Single by Dollar

from the album The Dollar Album
- Released: 12 March 1982
- Genre: Synth-pop; new pop;
- Length: 5:01
- Label: WEA
- Songwriters: Simon Darlow; Trevor Horn;
- Producer: Trevor Horn

Dollar singles chronology
| "Mirror Mirror" (1981) | "Give Me Back My Heart" (1982) | "Videotheque" (1982) |

= Give Me Back My Heart =

"Give Me Back My Heart" is a song by the British pop duo Dollar, released in March 1982 as the third single from their third album The Dollar Album. The song was their second biggest hit out of the five top twenty hit singles off the album, after "Mirror Mirror". It reached No. 4 in the UK, and No. 8 in Ireland.
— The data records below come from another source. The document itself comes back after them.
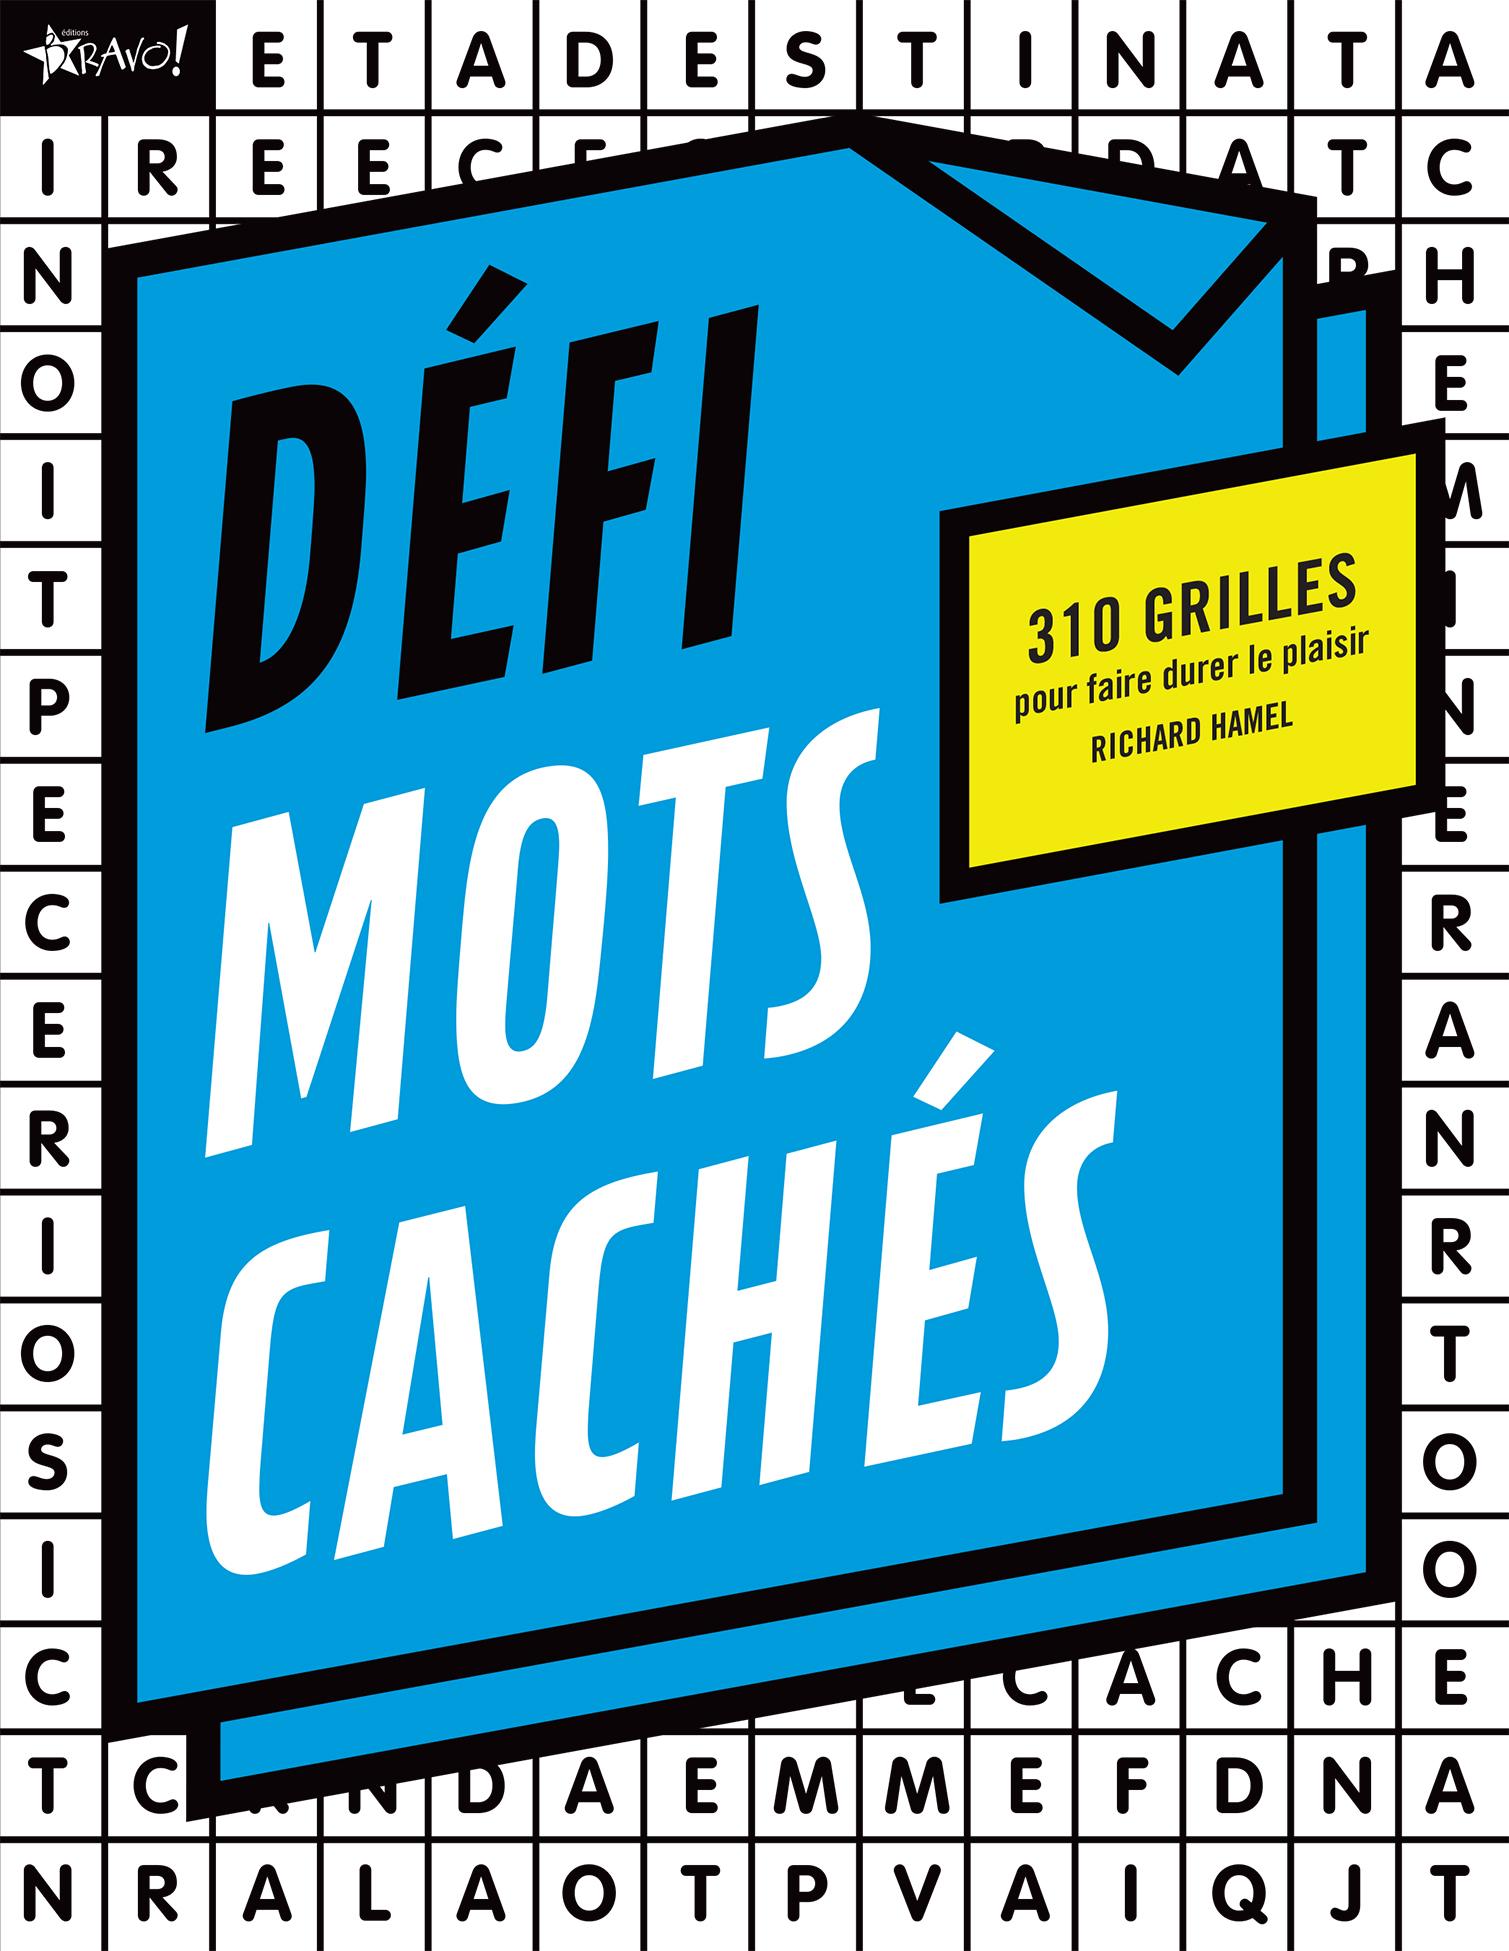 314_DefiMotsCaches_C1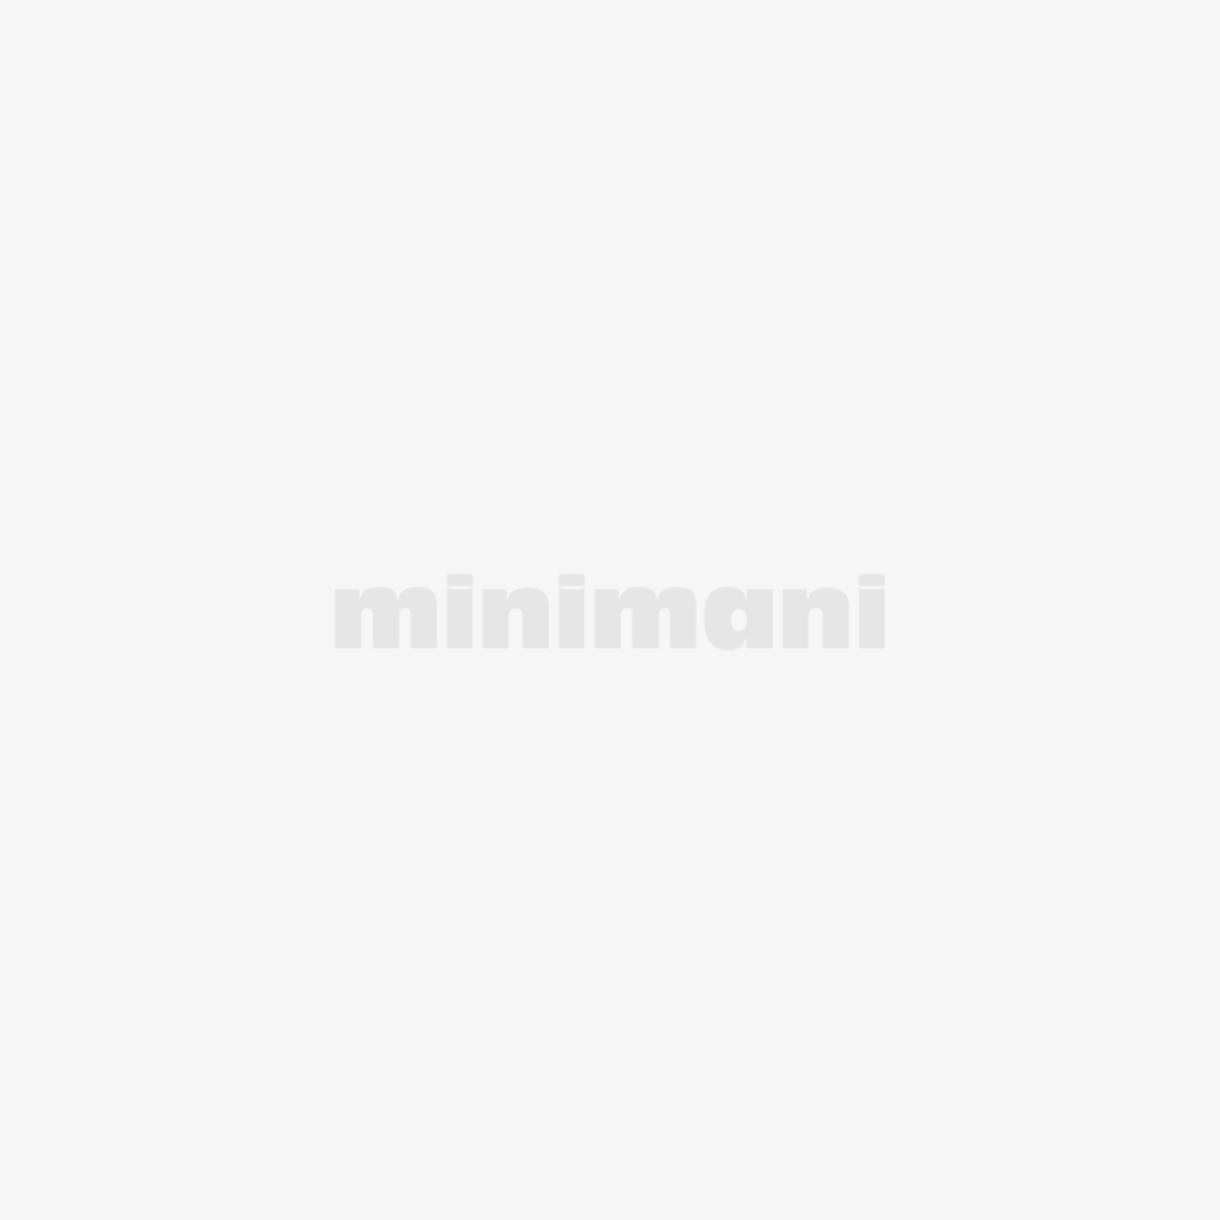 NATURKRAFT MUURAHAISSPRAY  500 ML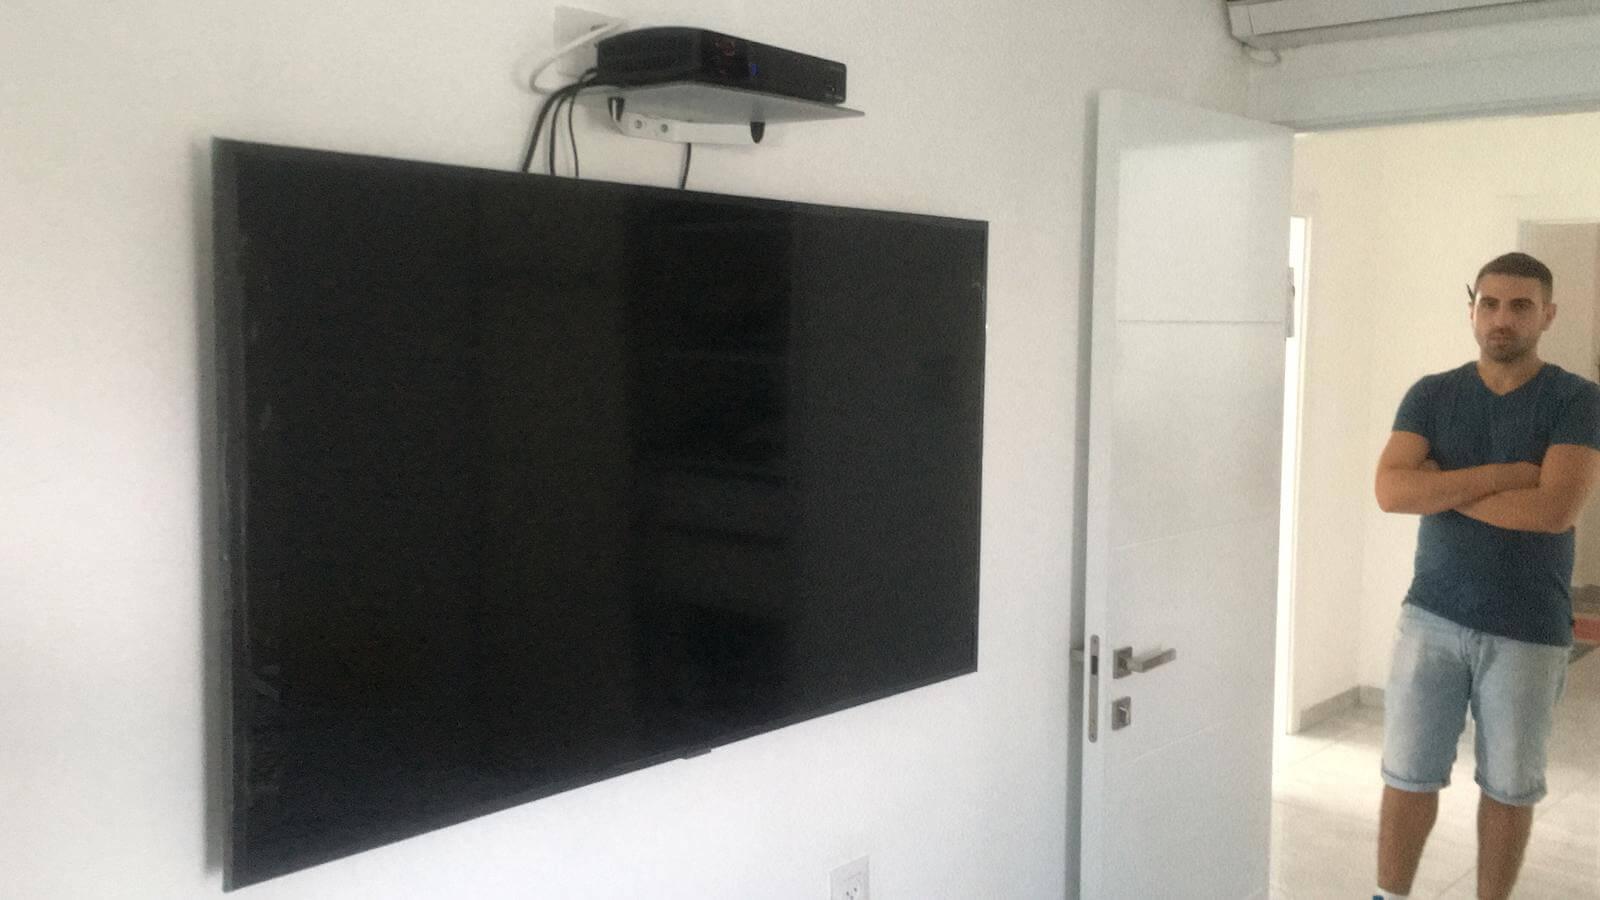 תמונת גלריה הגדול בהתקנות מתקין טלוויזיות מקצועי עם יחס אישי 15

The song was co-written by Trevor Horn and Simon Darlow, and produced by Horn.

==Cover versions and media appearances==
A cover version by Robin Wright was released in 1988 on Fantasia Records.

The song was parodied in the 1983 series of Three of a Kind as "Sing a Soppy Song". David Copperfield (as David Van Day) sang the prophetic line "I'll think I'll go and join Bucks Fizz" (to which Tracey Ullman replied "Well, you know where your suitcase is"), which is the group Van Day later joined in 1996.